WHAT THE TASK REQUIRES:
Reproduce from the records below, with no pictures, exactly the lines between the one containing "BIC® Grip Roller Pen 71 of 147" and the one containing "Ganni Cotton Poplin", inclusive.

LISTED ENTRIES:
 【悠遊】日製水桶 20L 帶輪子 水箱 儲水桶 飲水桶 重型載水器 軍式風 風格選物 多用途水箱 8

* * *

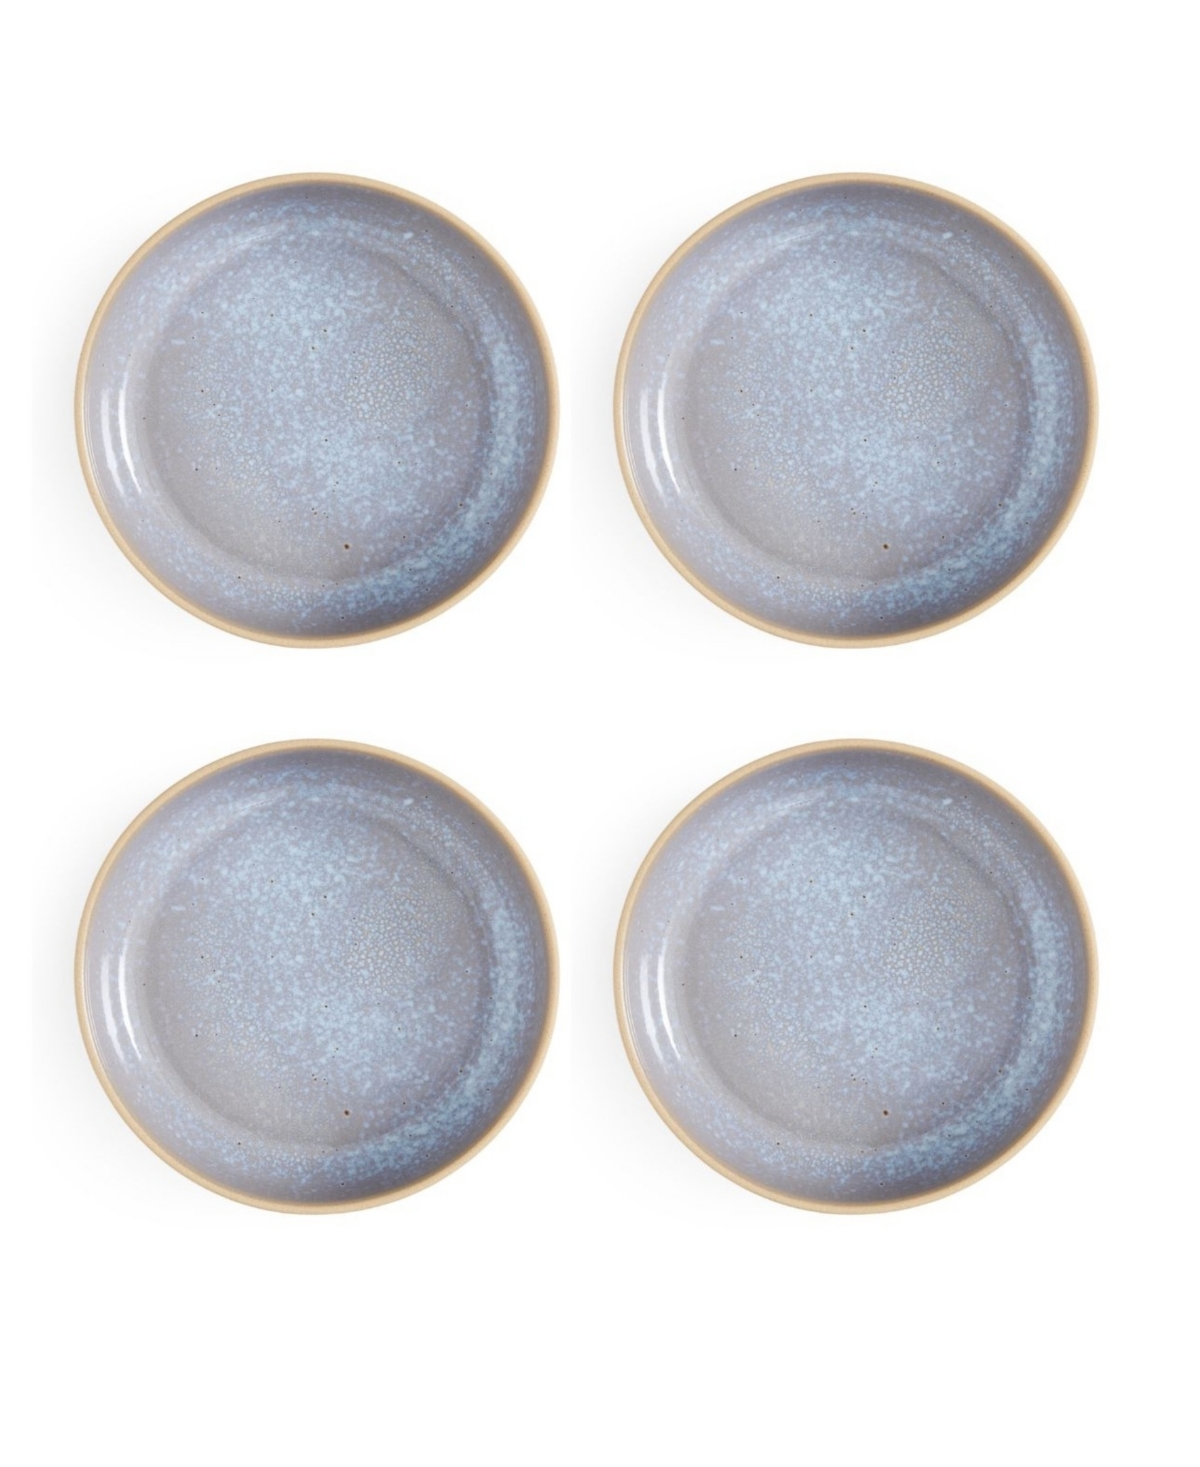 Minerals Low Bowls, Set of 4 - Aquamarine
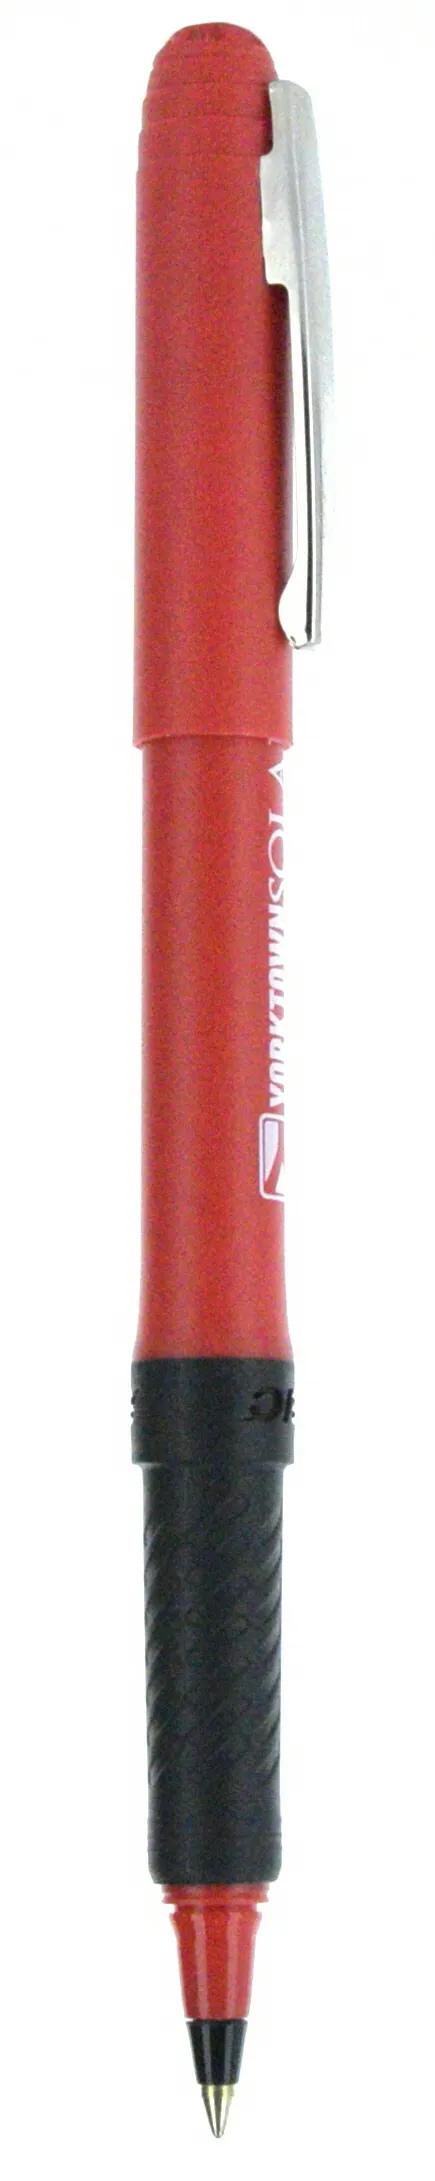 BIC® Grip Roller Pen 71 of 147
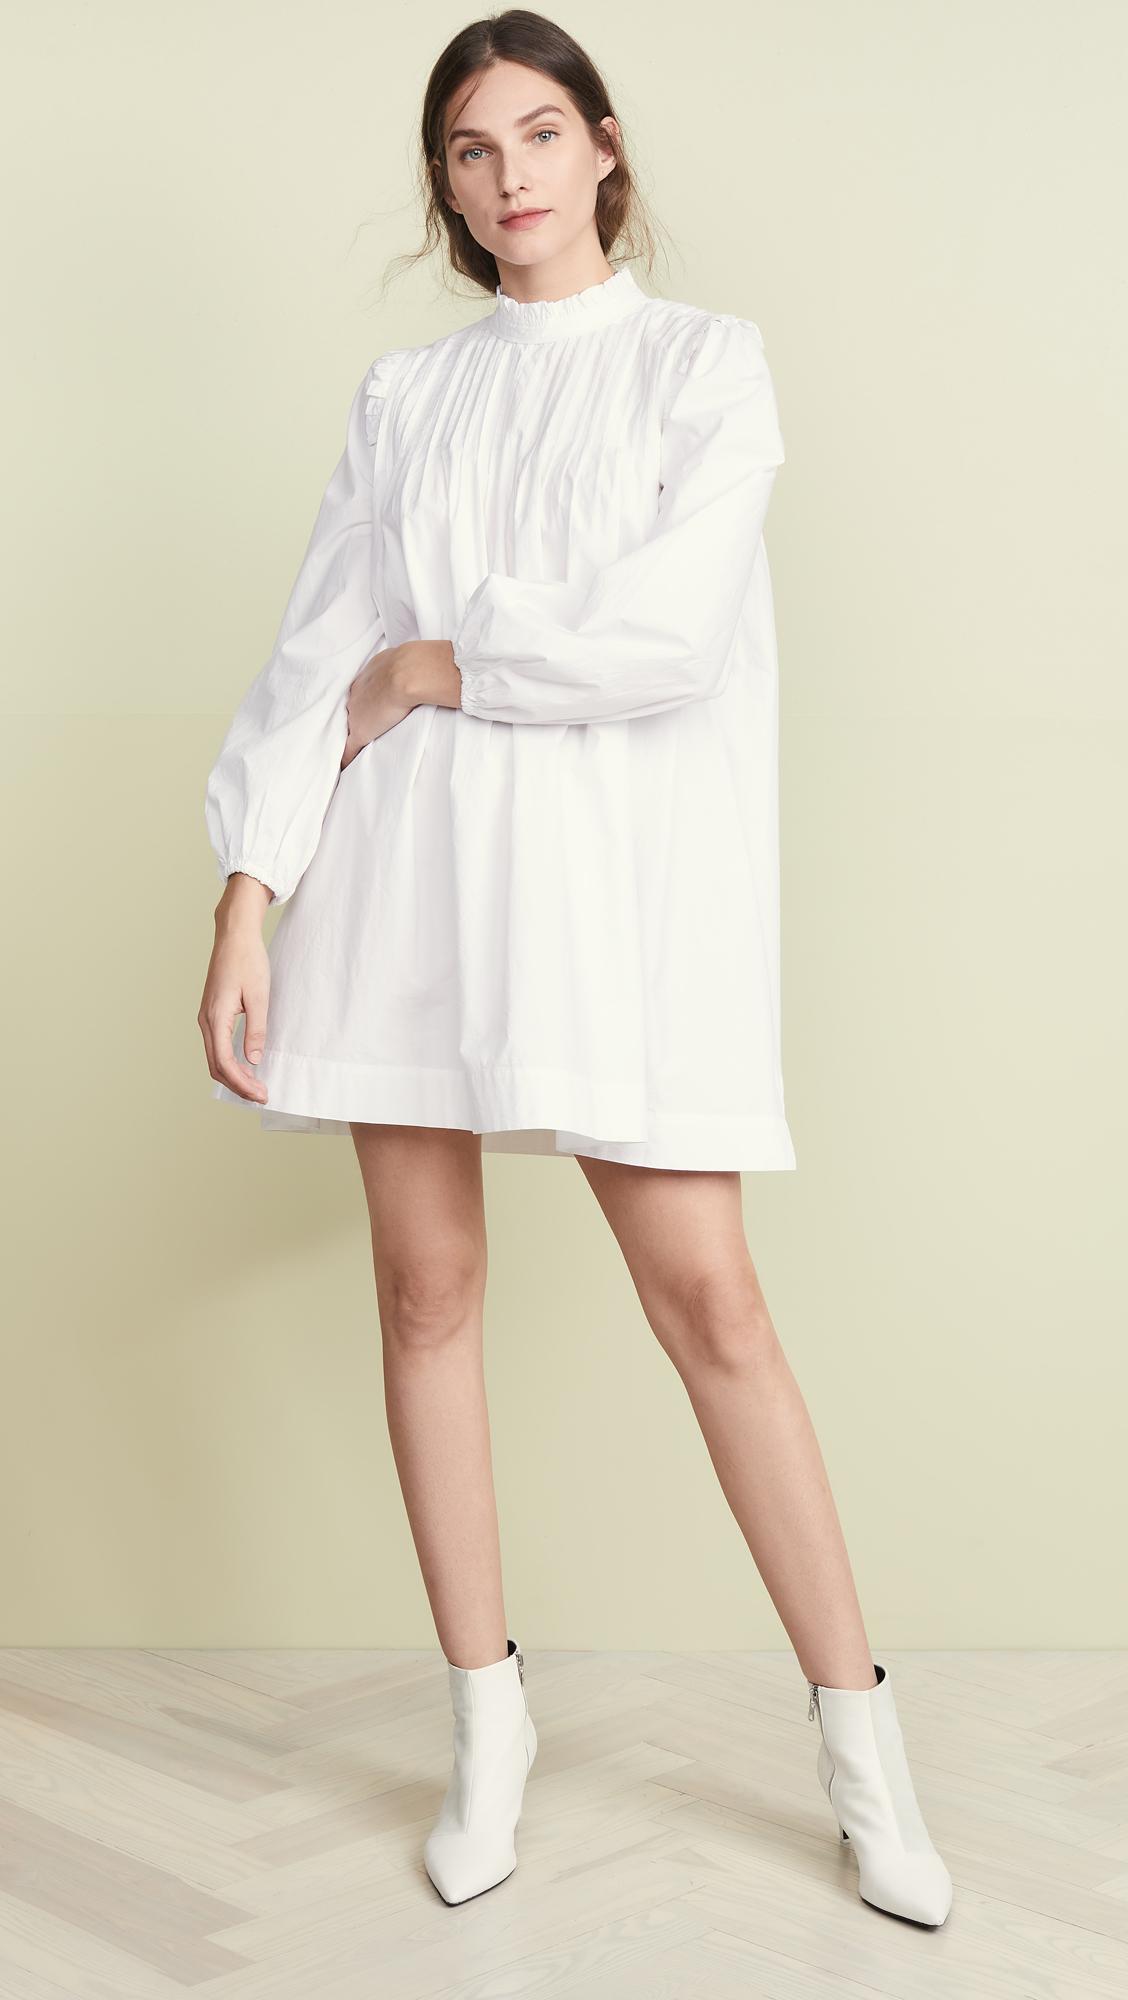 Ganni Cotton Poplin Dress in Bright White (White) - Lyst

OUTPUT BELOW:
 BIC® Grip Roller Pen 71 of 147
 Ganni Cotton Poplin Dress in Bright White (White) - Lyst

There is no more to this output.